The constant buzzing and ringing. The screen lights up dozens of times per hour. A page-long list of small rounded rectangles, too big to scroll through, that fill our lock screens.
Notifications have outlived their usefulness – at least most of the time. What started out as a way for apps and the operating system to let us know something important, something you want to act on now, has been abused by app developers to almost constantly beg our eyes. It’s the attention economy.
So now we’re all stuck in a terrible purgatory. We check our phones hundreds of times a day to see what that last noise was about, or we ignore them and possibly miss something really important. To mangle a line from The Incredibles: When everything is critical, nothing is.
Fortunately, iOS has everything you need to manage your notifications. Focus Modes are the newest tool in the toolbox, but I think it’s too complicated. Setting up multiple Focus modes is a powerful and flexible thing, but it requires a fair amount of time and attention, and most people have shown themselves unwilling to spend on taming notifications.

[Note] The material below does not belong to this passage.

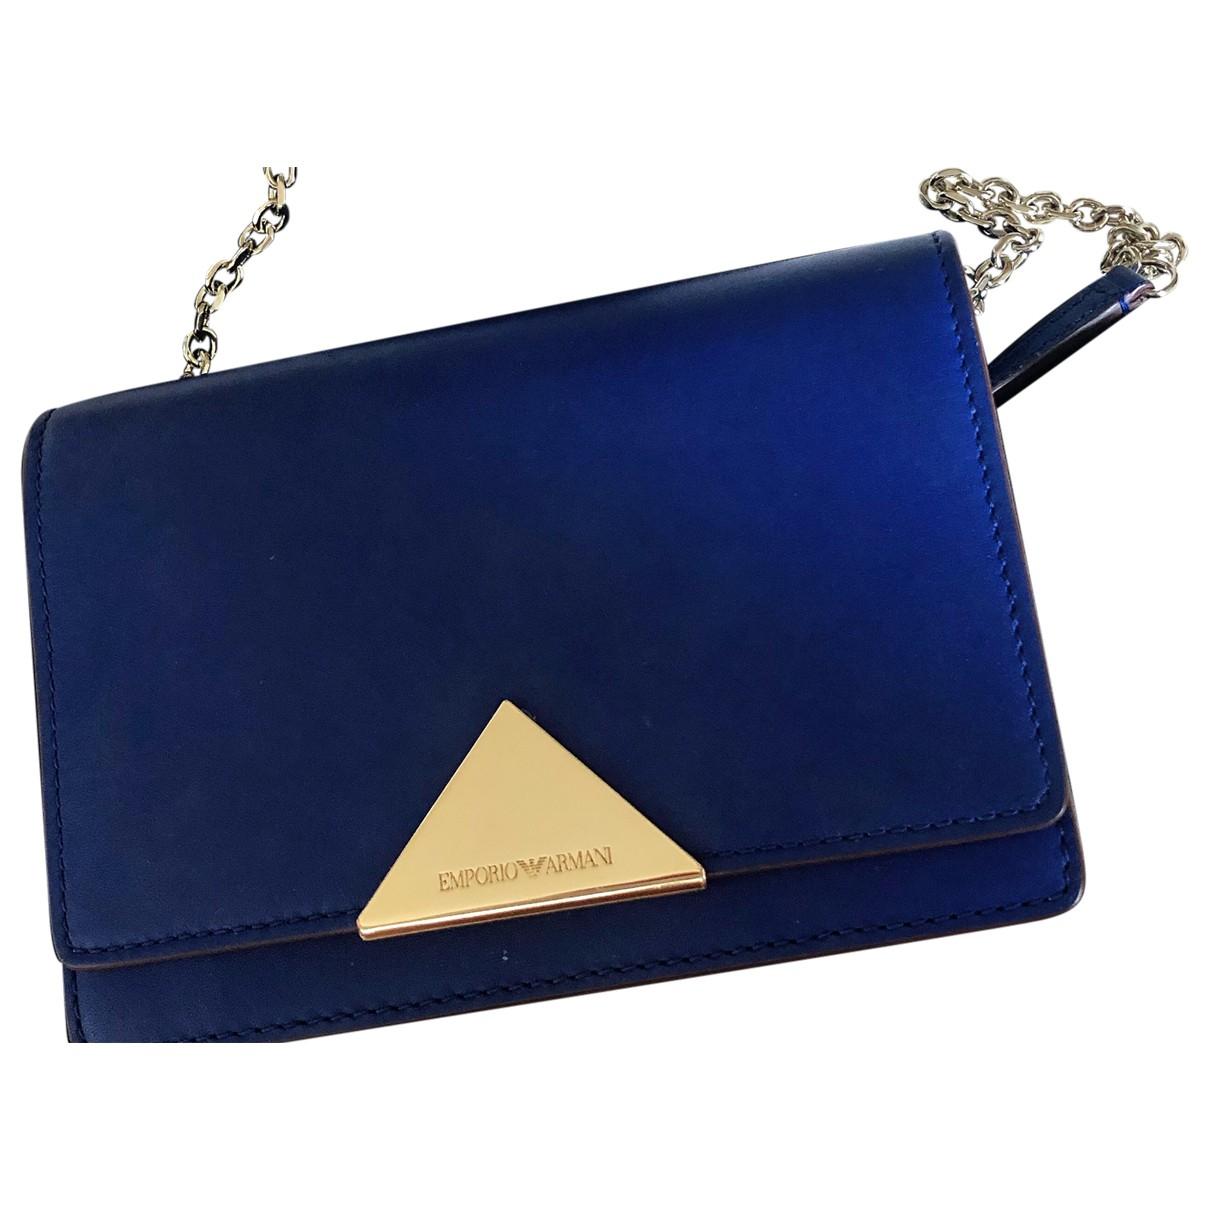 Emporio Armani \N Handtasche in  Blau Leder

But you need to master Focus to tame your notifications. Over the years, I’ve refined a simple set of rules for my notifications, narrowing them down to just a handful a day. I don’t feel like I’m missing out on anything important, and more importantly, my iPhone feels like something I use when I want to, rather than a tutor or a needy child begging for attention.
This is my method of managing notifications. It takes about 10 minutes to set up, and then only a few seconds when you install a new app.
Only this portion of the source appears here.